• Aman Raj

  • Vartika T Rao


  • Bhuvanesh Singla

  • Chirag S

  • Krishna Tulsyan

  • Smruthi Bhat


We acknowledge the IEEE organization for conducting envision, providing a platform for knowledge exchange. We would like to express our gratitude to the deep learning community and the creators of the FER 2013 dataset for their invaluable contributions to facial recognition and classification. We also thank the dataset participants, researchers, and the open-source community for their support


This deep learning project essentially aims to use a convolutional neural network architecture to recognize facial expressions and those expressions.


Images can both express and affect people’s emotions. It is intriguing and important to understand what emotions are conveyed and how they are implied by the visual content of images. Inspired by advancements in computer vision deep convolutional neural networks (CNN) in visual recognition, we will classify the images into the following categories: 0:angry 1:disgust 2:fear 3:happy 4:sad 5:surprise 6:natural

We will use the Keras library to build the deep learning model and the FER2013 dataset (facial expression recognition) to train and test our model.

The implementation of the model is done using a GUI interface and a web app using Streamlit.

Libraries Used

  • Pandas
  • Numpy
  • Matplotlib
  • Tensorflow->Keras
  • cv2
  • PIL
  • Streamlit


Facial Expression Recognition 2013

The data consists of 48x48 pixel grayscale images of faces. There are a total of 28,709 images.

Bar graph representing the number of images of each emotion:


Convolutional Neural Network

Convolutional Neural Network or CNN is a type of artificial neural network which has capability to analyse images and video. They apply a special type of mathematical operation called Convolution.

Due to large number of paramters, these networks can learn very complex patterns and are Shift invariant. Owing to this power of CNN, they are widely used in image classification algorithms.

Our project involves use of a CNN architecture to classify input image into 7 classes of emotion.

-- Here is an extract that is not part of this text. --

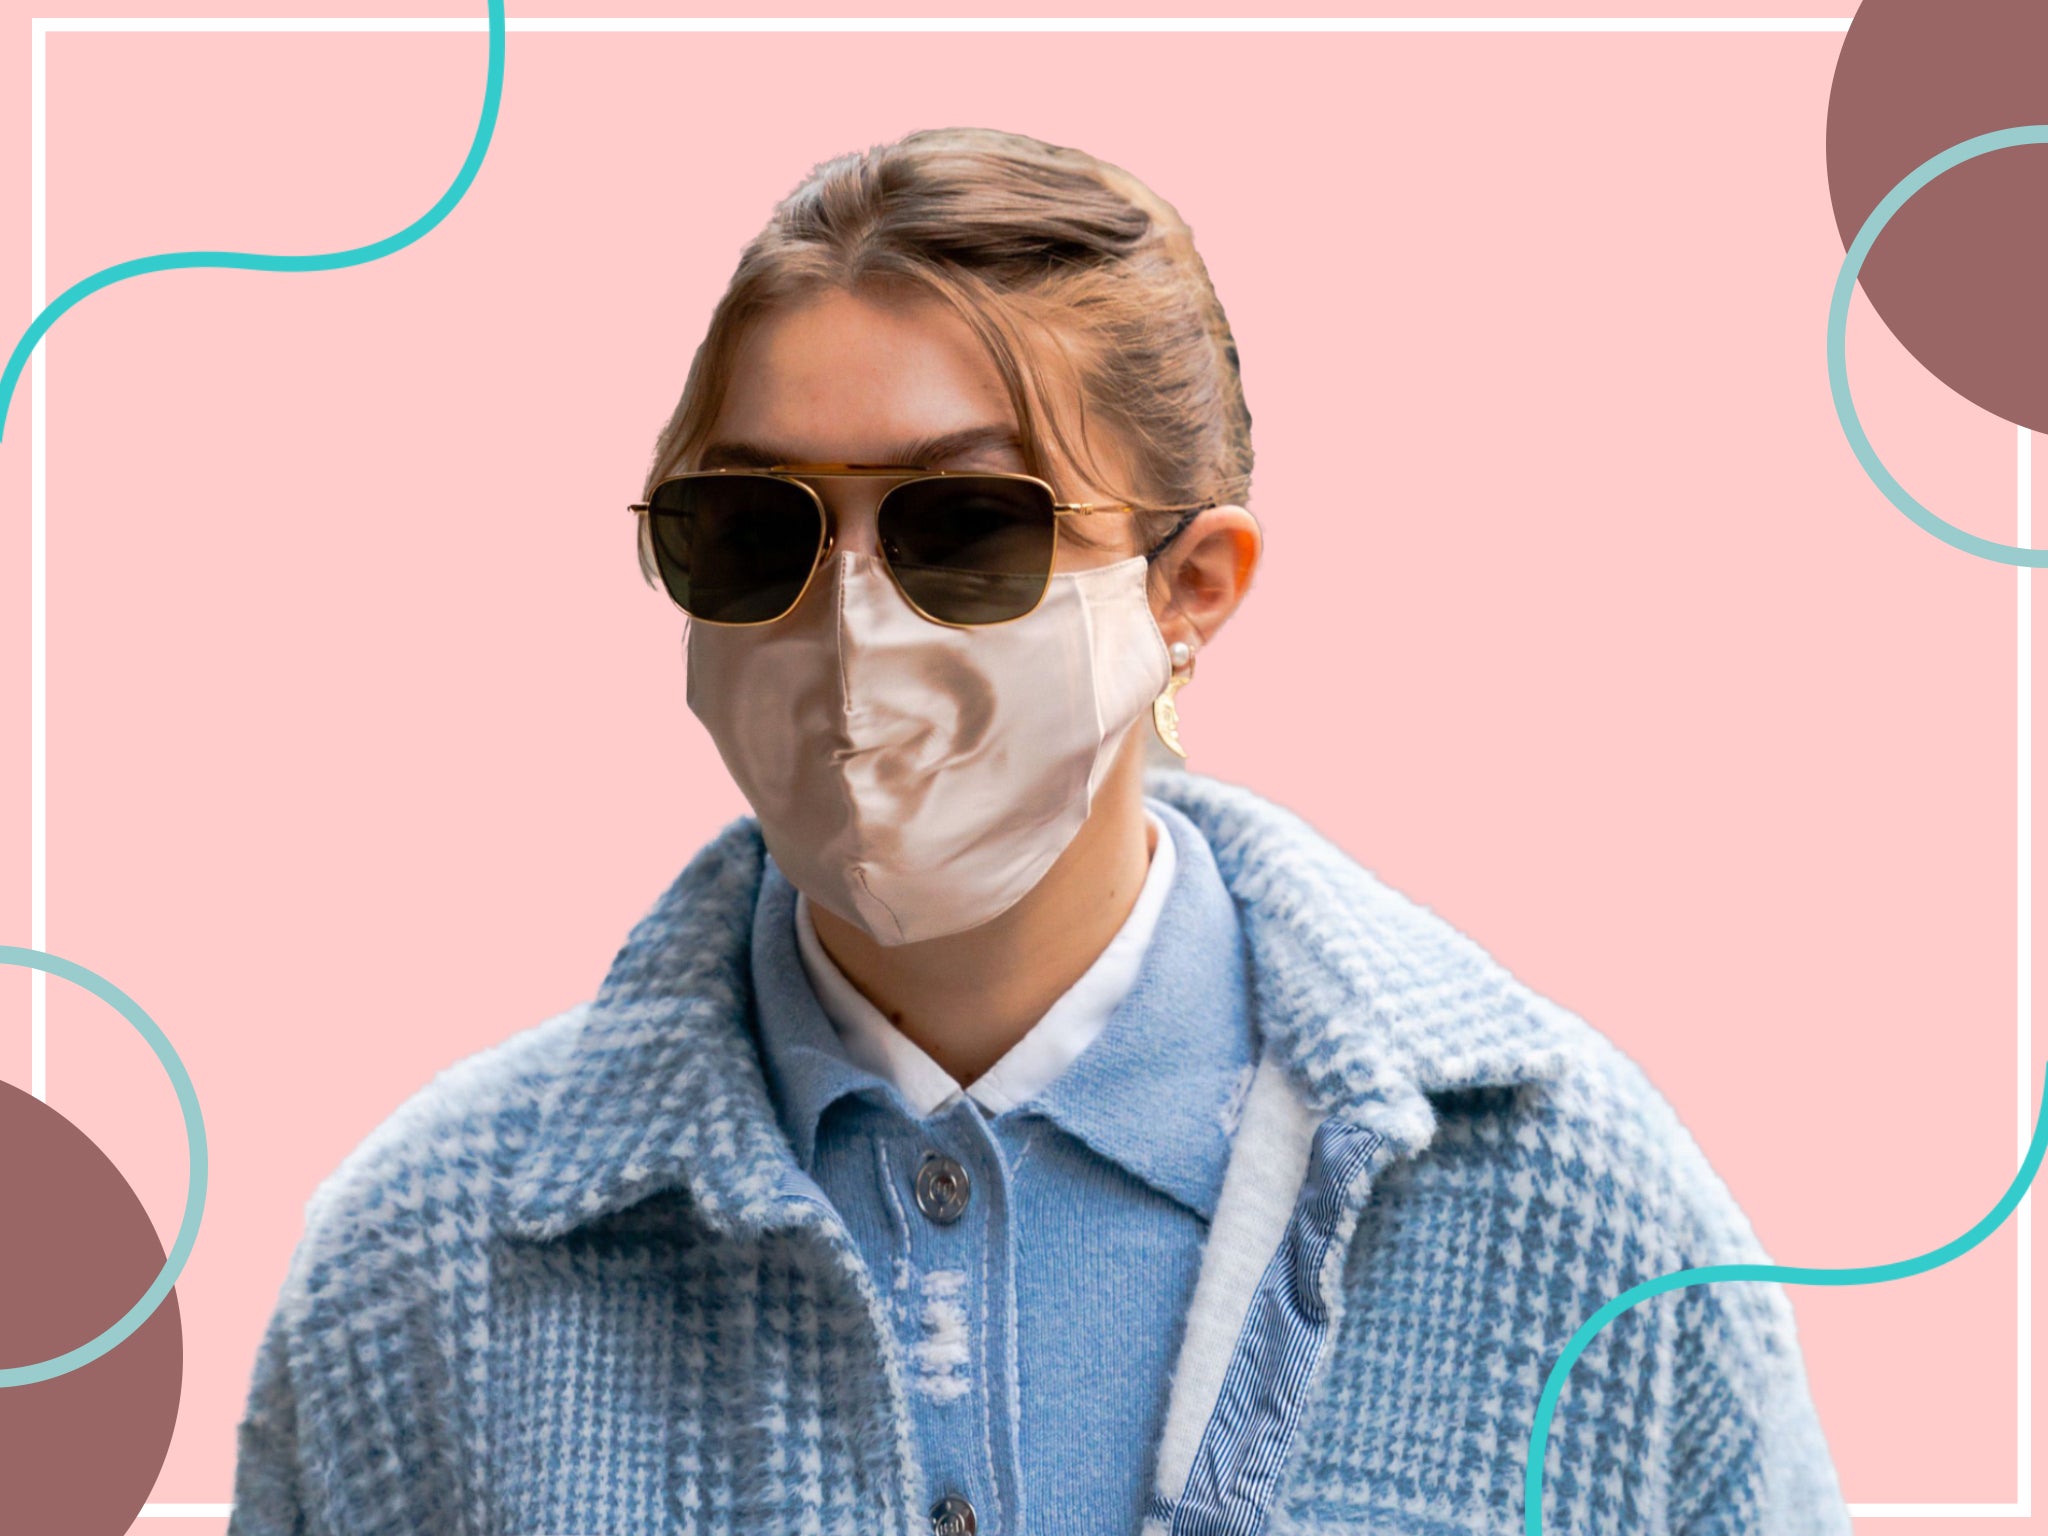 These celeb faves can help reduce 'maskne' – breakouts caused by wearing face coverings

The network learns pattern from images training images and uses the knowledge to classify real time human expressions


Model Architecture

Our CNN model is inspired by VGG-16 which is one of the popular algorithms for image classification.

We have 4 convolution layers each followed by a Dropout and MaxPooling layer with a stride of 2 and each layer having few sub-layers.

A kernel size of 3 and same padding was utilised.

It is followed by a Flattening layer and a Dense network of 3 fully connected layers and at the end an output layer for performing the final classification.

While compiling the model, Adam optimizer was deployed with an optimum leraning rate to perform the training effectively.

The activation function used in layers is ReLU and at the end Softmax is used in output layer.

Several techniques to prevent overfitting and ease training had been used.

    1. Dropout Layers: These randomly turns off certain neurons from the model in order to reduce the over dependency of model over any particular node or feature.
    1. Batch Normalization : It makes training of neural network faster and more stable by performing some rescaling and recentering of layers’ inputs and help in decreasing number of epochs to train.
    1. Early Stopping : Early Stopping is a technique wherein the training of model is haulted forcefully once it starts to overfit.
    1. Reduce Learning Rate: When a metric stops improving for a longer time, the model is benefitted by reducing the learning rate by a certain factor.


Training and validation accuracy

On the test set, we have achieved an accuracy of around 65% and an accuracy of around 68% on the validation set. We are trying to improve the accuracy of our model. The results are pretty good considering that as a kaggle challenge, the same task had a highest accuracy of about 68%. References

A Confusion matrix of the predicted output is shown below



We have implemented our project by making a GUI based interface and a Web app using Streamlit.

WebApp using Streamlit


1) clone the repo

2) switch to webapp branch

3) add the dl models h5 file with the name “FER2013new.h5”

4) create a virtual env

5) install requirements.txt

6) run this command in terminal “streamlit run”


image image

## Future ventures By leveraging the power of facial recognition algorithms, the application can unlock various capabilities to optimize the feedback process. Here are some key areas where facial recognition can contribute:

  1. Personalized Feedback Delivery: Facial recognition algorithms can tailor feedback messages based on users’ emotional responses. By analyzing facial expressions, the application can deliver personalized feedback that addresses specific concerns or highlights positive aspects. This personalized approach enhances the user experience, making feedback more meaningful and impactful.

  2. Gamification and Interactive Feedback: Facial recognition integration allows for interactive feedback mechanisms, such as gamified features or virtual avatars that mirror users’ facial expressions. This gamification approach adds a fun and engaging element to the feedback process, encouraging users to provide more detailed and expressive feedback.


This Project gave us an oppurtunity to learn image processing and classification of images based on emotions through deep learning implemented through Tensorflow Keras. It provided proper insight over feature extraction from images through CNNs. Understanding the CNN architecture to obtain optimum accuracy and minimum loss was exciting. Development of GUI using openCV and Tkinter which is able to classify the face and output the emotion was definetly a plus to knowledge learnt in the project.